Elio Fiorucci filed an action to revoke Edwin Co Ltd's registration of the word mark ELIO FIORUCCI in International Classes 18 and 25. In 1990 Fiorucci SpA sold to Edwin Co Ltd all its creative assets, including all its trademarks, including numerous marks containing the family name "Fiorucci" (although no assignment was made for the mark ELIO FIORUCCI).
Firoucci's application for revocation and a declaration of invalidity was filed on 3rd February 2003 and was based on Articles 50(1)(c) and 52(2)(a) of EU Regulation 40/94.
The Cancellation Division of the Office for Harmonisation in the Internal Market (OHIM) allowed the application for a declaration of invalidity because, according to Article 8(3) of the Italian Code of Industrial Property, Fiorucci’s consent was required for the registration of his name as a Community trademark, and such consent had not been given. Edwin Co Ltd appealed, and the OHIM First Board of Appeal allowed the appeal and annulled the decision of the Cancellation Division. The appeal board held that the situation did not fall within the scope of Article 8(3) of the code. It also declared that the application for revocation was not applicable under Article 50(1)(c) of Regulation 40/94 as the mark at issue could not mislead the public.
Fiorucci brought an action against the contested decision and the General Court confirmed the previous decision as far as Article 50(1)(c) was concerned.

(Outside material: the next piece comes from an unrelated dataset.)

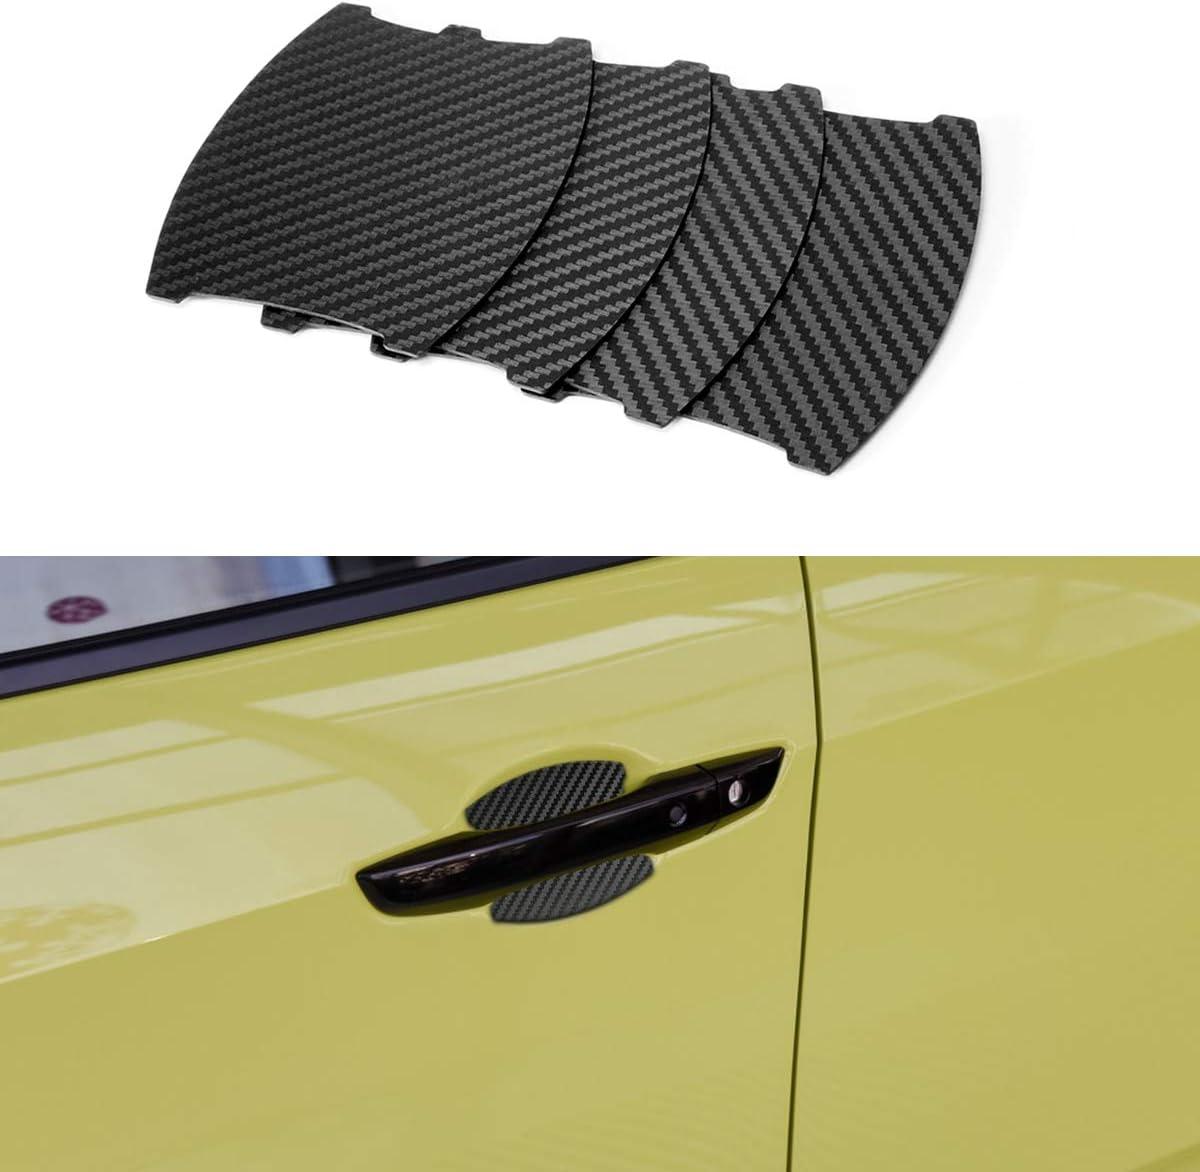 Mling Auto Magnetisch Türgriffmulde Schutz Kratzfest Türgriffmulde Abdeckung 4 Stück Kompatibel Für Civic Auto

However, in relation to the decision based on Article 52(2)(a) of Regulation 40/94, the court gave a different interpretation of Article 8(3) of the Italian Code of Industrial Property, stating that the correct interpretation was that the renown of a personal name can result from either the entrepreneurial character or non-entrepreneurial character of such use. Therefore, the court annulled the appeal board's decision based on an incorrect interpretation of Article 8(3) of the code.
Edwin Co Ltd, the OHIM and Fiorucci all appealed to the Court of Justice of the European Union (CJEU). The second and third appellants did so on the grounds that the General Court should have applied the national rule to the substance of the case and should have ruled to cancel the contested trademark.
On 5th July 2011 (Case C-263/09P Edwin Co Ltd v OHIM) the Grand Chamber issued its ruling and confirmed that the General Court had correctly interpreted Article 8(3) of the code, stating that the wording of this national provision, insofar as it refers to the names of well-known persons, makes no distinction according to the field in which renown was acquired. Therefore, the Grand Chamber concluded that:
“Article 8(3) of the [Italian Code of Industrial Property], as the General Court observed, does not lay down any condition other than that the personal name concerned must be well-known.”
The appeal also related to the obligation of the General Court to provide the ECJ with sufficient material to exercise its power of review.
According to Paragraph 68 of the Grand Chamber's decision, the General Court:
“provided adequate grounds insofar as it enables the appellant to know the reasons why the General Court has not upheld its argument and the Court of Justice to exercise its power of review.”
Furthermore, the General Chamber confirmed that the General Court was correct when reviewing the lawfulness of the decision of OHIM bodies, stating that in no event may the General Court substitute its own reasoning for that of the OHIM body which adopted the contested act.
The CJEU's judgment should be borne in mind by parties appealing OHIM decisions to the court; it must always be taken into account that the CJEU examines only the correct application of the procedural rules by the OHIM and the lower courts and will never render a decision on the merits of a dispute.